The future of marriage-equality cases in the United States

We have entered a new era. Every single state with a ban against same-sex marriage has a lawsuit in place — now that the nation’s last unchallenged state, North Dakota, has lost that status.

A lawsuit was filed last week to challenge that state’s bans, along with ones in Montana and South Dakota. While we in Pennsylvania are celebrating our hard-earned victory for marriage equality, the battle is just beginning in these and other states. But, these state-by-state battles are securing that an inevitable Supreme Court ruling will be in our favor.

The same-sex marriage movement has enjoyed a streak of more than a dozen victories in federal courts since Windsor v. United States. In six states we’ve had clean wins: New Jersey, Hawaii, Illinois, New Mexico, Oregon and Pennsylvania. Federal judges have invalidated bans in six other states — Utah, Oklahoma, Texas, Virginia, Michigan and Idaho — but those decisions have been stayed pending appeals. Lastly, in Arkansas, a state judge struck down that state’s ban; the ruling has been stayed and is under appeal. Regardless of the process, since Windsor, no state ban against same-sex marriage has survived a court challenge and the last two cases, in Oregon and Pennsylvania, were delivered with governing officials in both states saying they would not appeal. Same-sex couples are now allowed to legally marry in 19 states, and more than two in five Americans live in such states.

While the war in North Dakota was just waged, there are several cases that will be settled in the coming months.

In Arizona, activists are collecting signatures to put marriage equality on the ballot and overturn the 2008 constitutional amendment banning same-sex marriage. In 2012, a poll found 77 percent of that state’s voters support either same-sex marriage or civil unions. Some Arizona cities are taking matters into their own hands. Last summer, the City Council of Bisbee, Ariz., voted to allow civil unions, making it the first town in Arizona to offer legal recognition of gay couples. Whether these ordinances are constitutional or not hasn’t prevented other cities, including Tempe, from considering similar ordinances.

In Colorado, gay-rights advocates are eager to overturn the state’s 2006 constitutional ban on marriage equality, but the speaker of the state House, Mark Ferrandino, who is openly gay, suggests not trying to move too fast. The state just began recognizing civil unions last spring. A poll this spring found 61 percent of Colorado voters support marriage equality.

In Ohio, a federal judge ruled last year that the state must recognize legal out-of-state same-sex marriages for the purpose of death certificates. A gay couple where one partner, who has since died, had been diagnosed with terminal ALS won the right in Ohio to arrange his partner’s funeral, and to one day be buried next to one another. The ruling was narrow, but could pave the way for more legal challenges to Ohio’s ban on gay marriage. Although Republican Attorney General Mike DeWine said he will appeal the decision.

A federal appeals court will consider Nevada’s ban on marriage equality in September, following a 2012 federal judge’s upholding of the law. Last spring, the state legislature began the multiyear process of repealing Nevada’s constitutional amendment banning same-sex marriage. Two legislatures must approve the measure before it is put to voters, so the earliest marriage equality can get on the ballot is 2016. However, in Feburary, Nevada Gov. Brian Sandoval (R) and Attorney General Catherine Cortez Masto (D) said they would no longer defend the state’s marriage ban in the pending court case, setting Nevada up to become one of the next states to legalize same-sex marriage.

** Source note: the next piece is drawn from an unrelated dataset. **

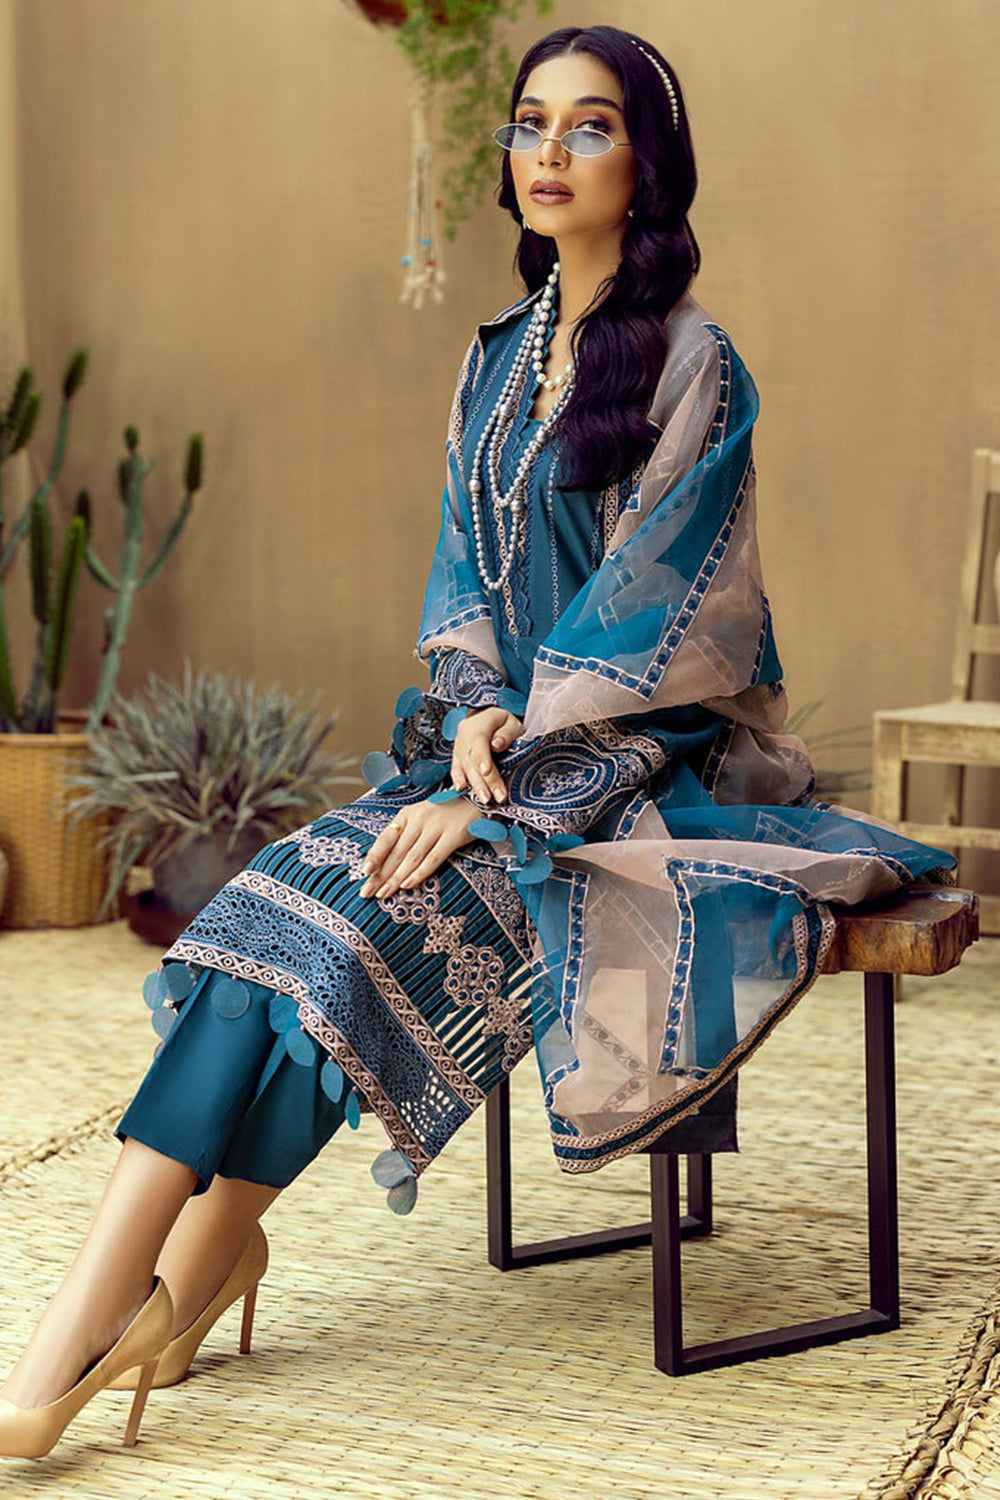 Peacock Blue Embroidered Lawn Suit

Indiana is one of the few states with a law banning same-sex marriage but no constitutional amendment doing the same. In March, a federal judge ordered the state to recognize the marriage of a lesbian couple married out of state before one of the women died of cancer. The ruling only applied to the one couple, but it has opened a door for broader recognition.

The marriage-equality battle may just be getting started in Montana and the Dakotas, but Arizona, Colorado, Ohio, Nevada and Indiana are poised to make big moves in the near future. Whether or not these rulings proceed with flying rainbows like the cases in Oregon and Pennsylvania, or are stayed like those in Utah, Oklahoma, Virginia, etc., remains to seen. The unfortunate truth is that the more rulings that are stayed, the more pressure it puts on the circuit courts to make their own rulings or send these cases to the U.S. Supreme Court to make a final determination to recognize all same-sex marraiges throughout the United States.

Let freedom (and wedding bells) ring!